== Work to be completed ==
Look through the listing below for the line containing "Anagram Small Vertical". Copy it and each line after it up to and including the line containing "Ilmea Olivenöl Flasche im Olivenbaum", exactly, leaving out pictures.

== Given records ==
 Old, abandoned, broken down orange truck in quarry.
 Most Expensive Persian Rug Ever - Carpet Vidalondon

==

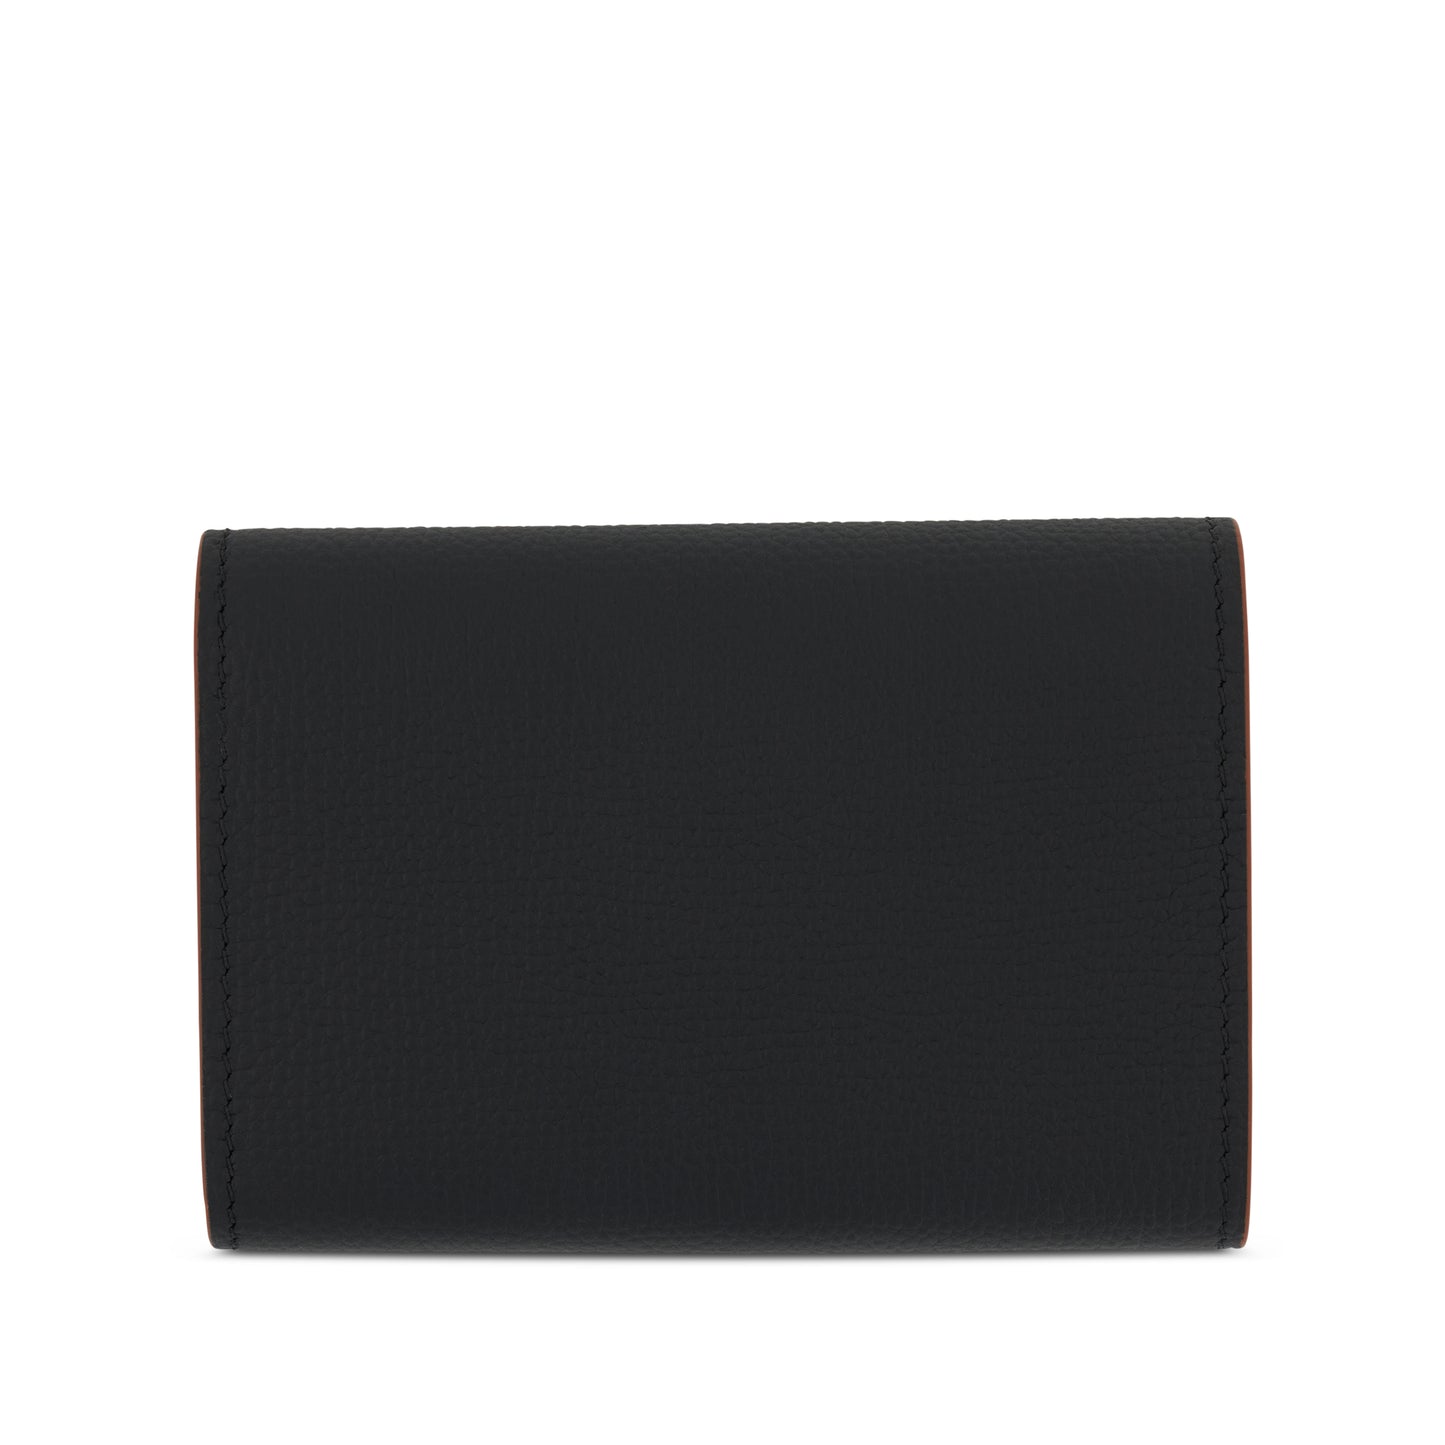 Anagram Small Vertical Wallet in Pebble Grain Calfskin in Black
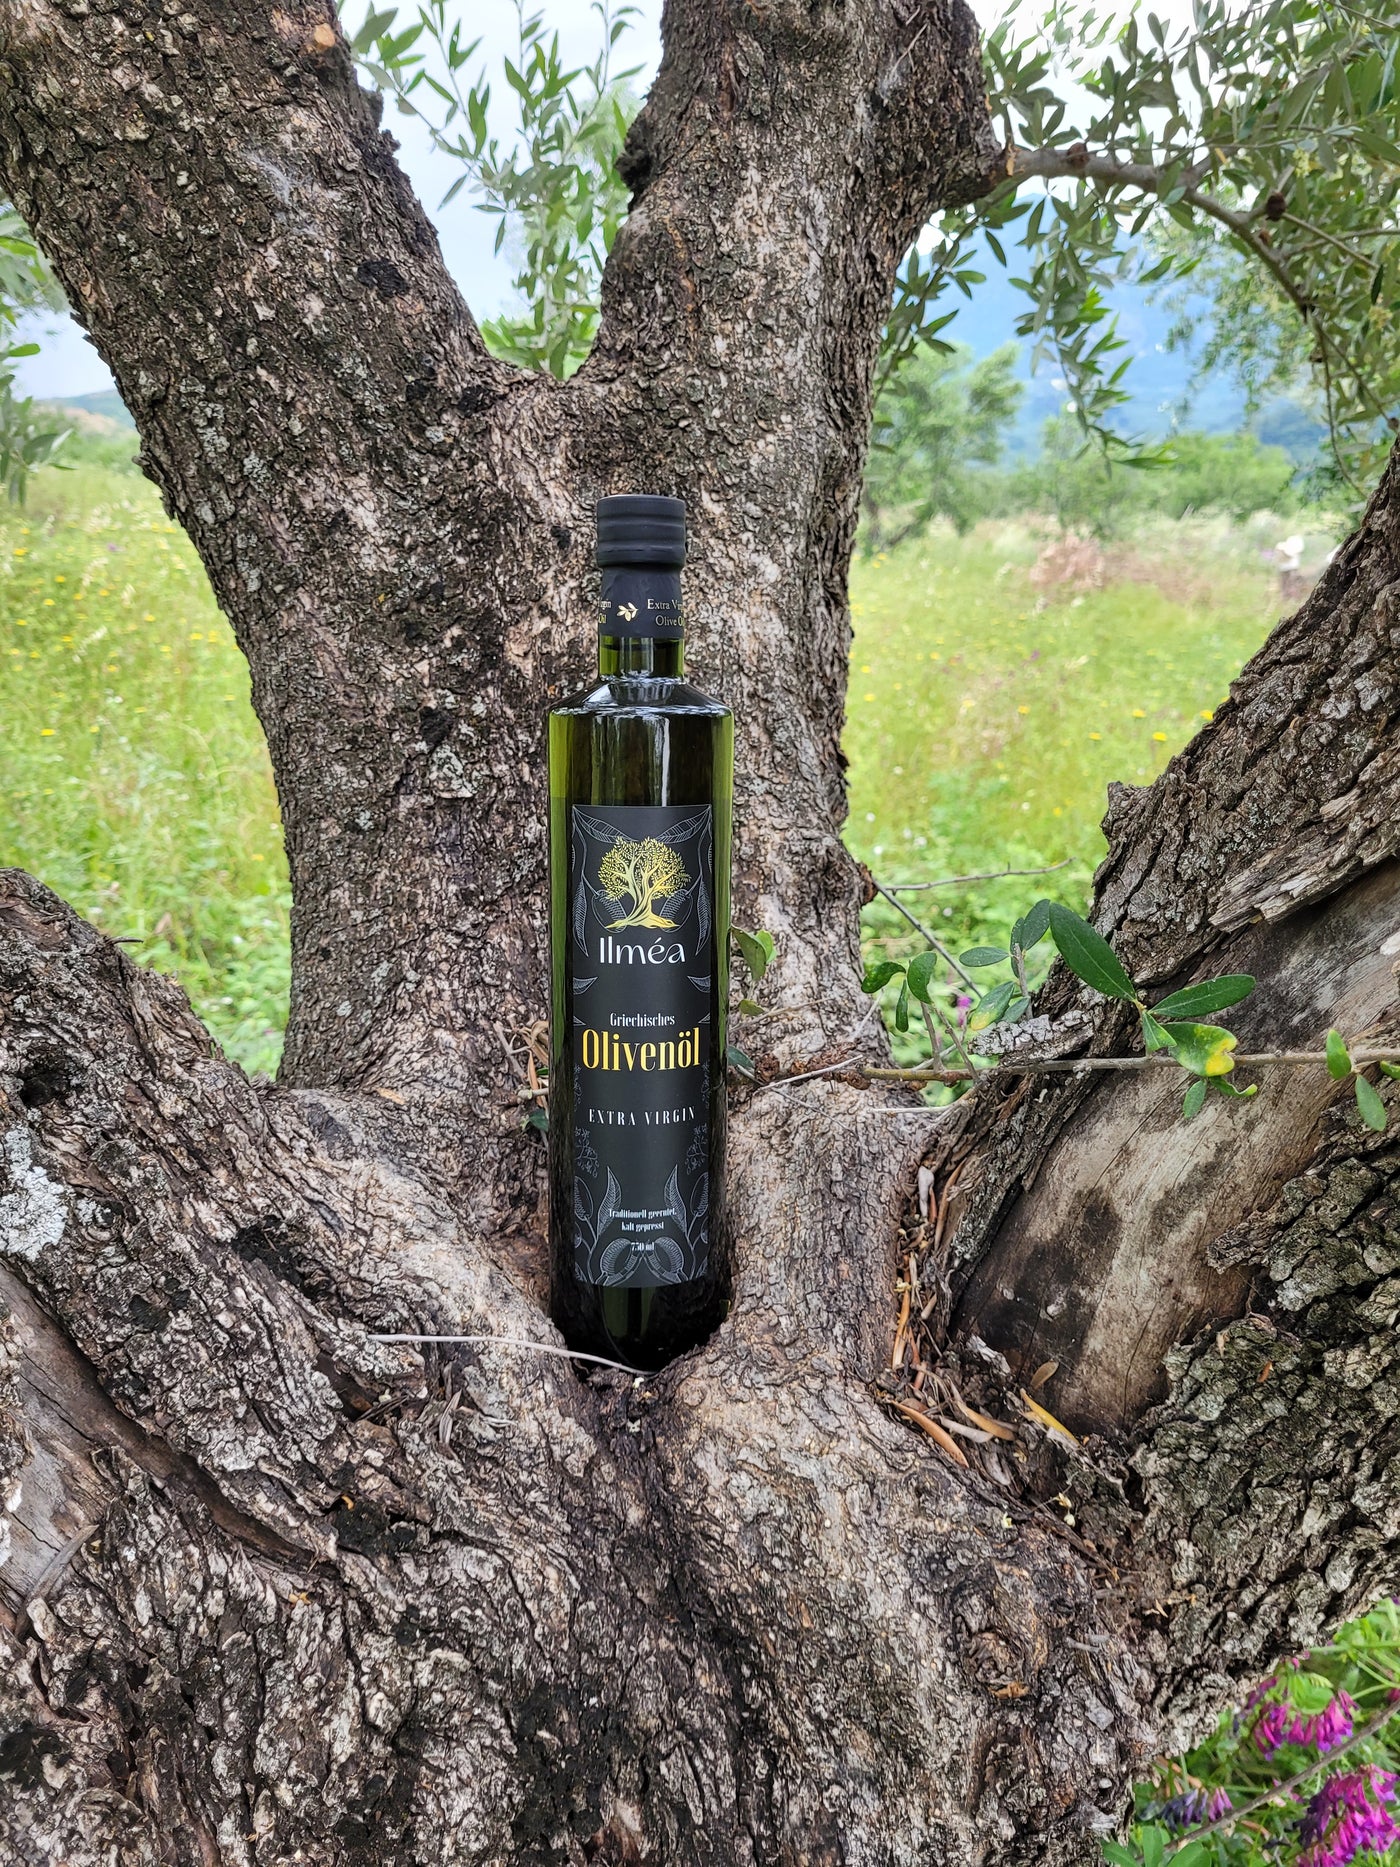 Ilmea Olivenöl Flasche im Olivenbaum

---

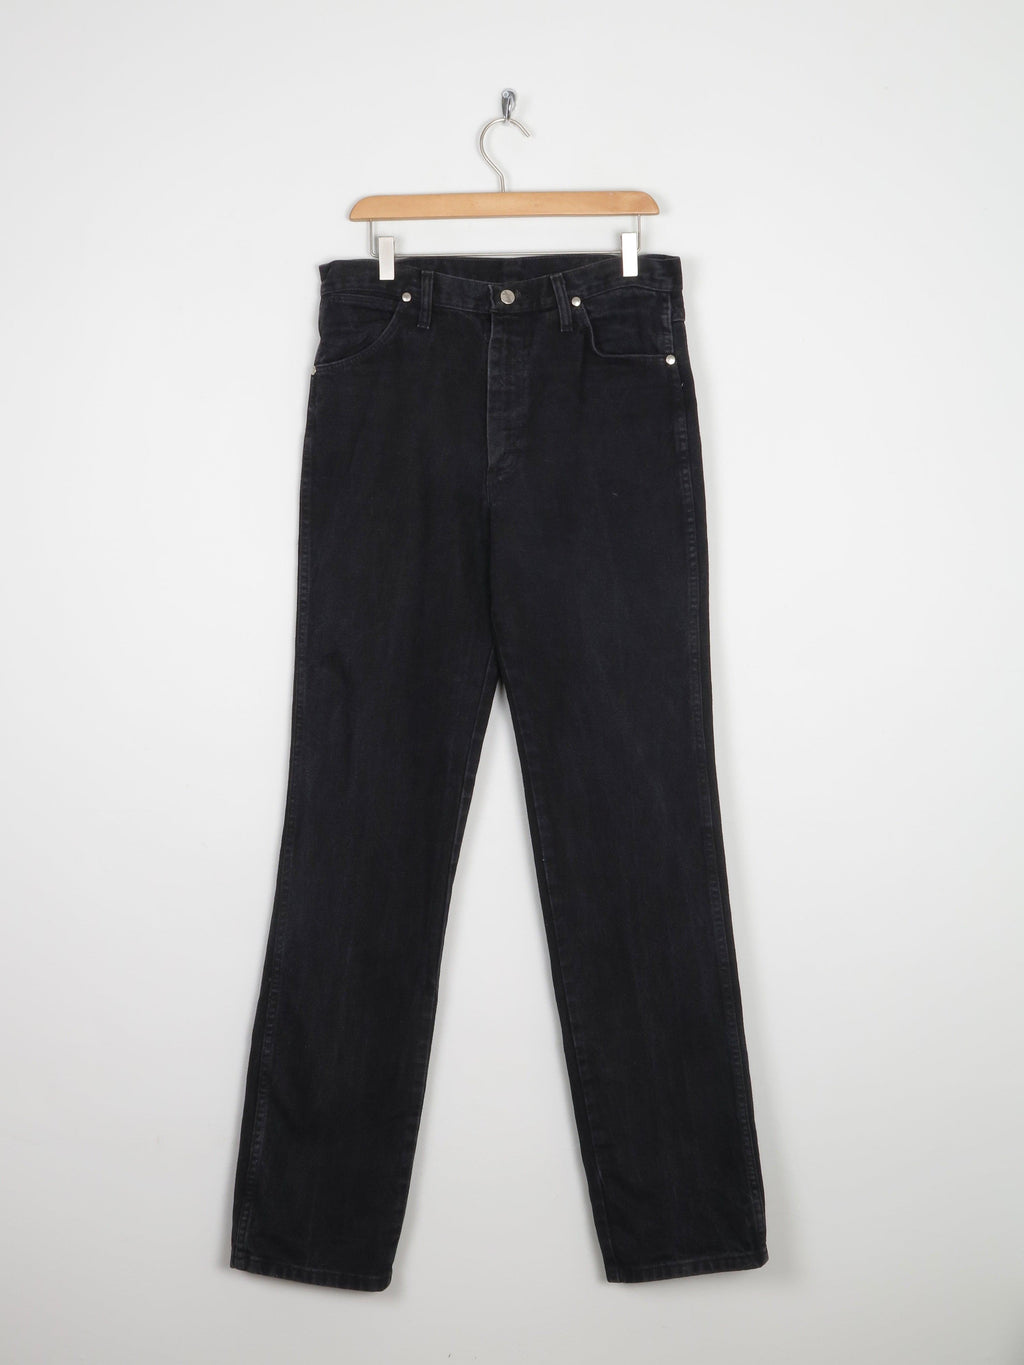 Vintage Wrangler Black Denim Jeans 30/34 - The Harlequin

== Written solution ==
 Anagram Small Vertical Wallet in Pebble Grain Calfskin in Black
 Ilmea Olivenöl Flasche im Olivenbaum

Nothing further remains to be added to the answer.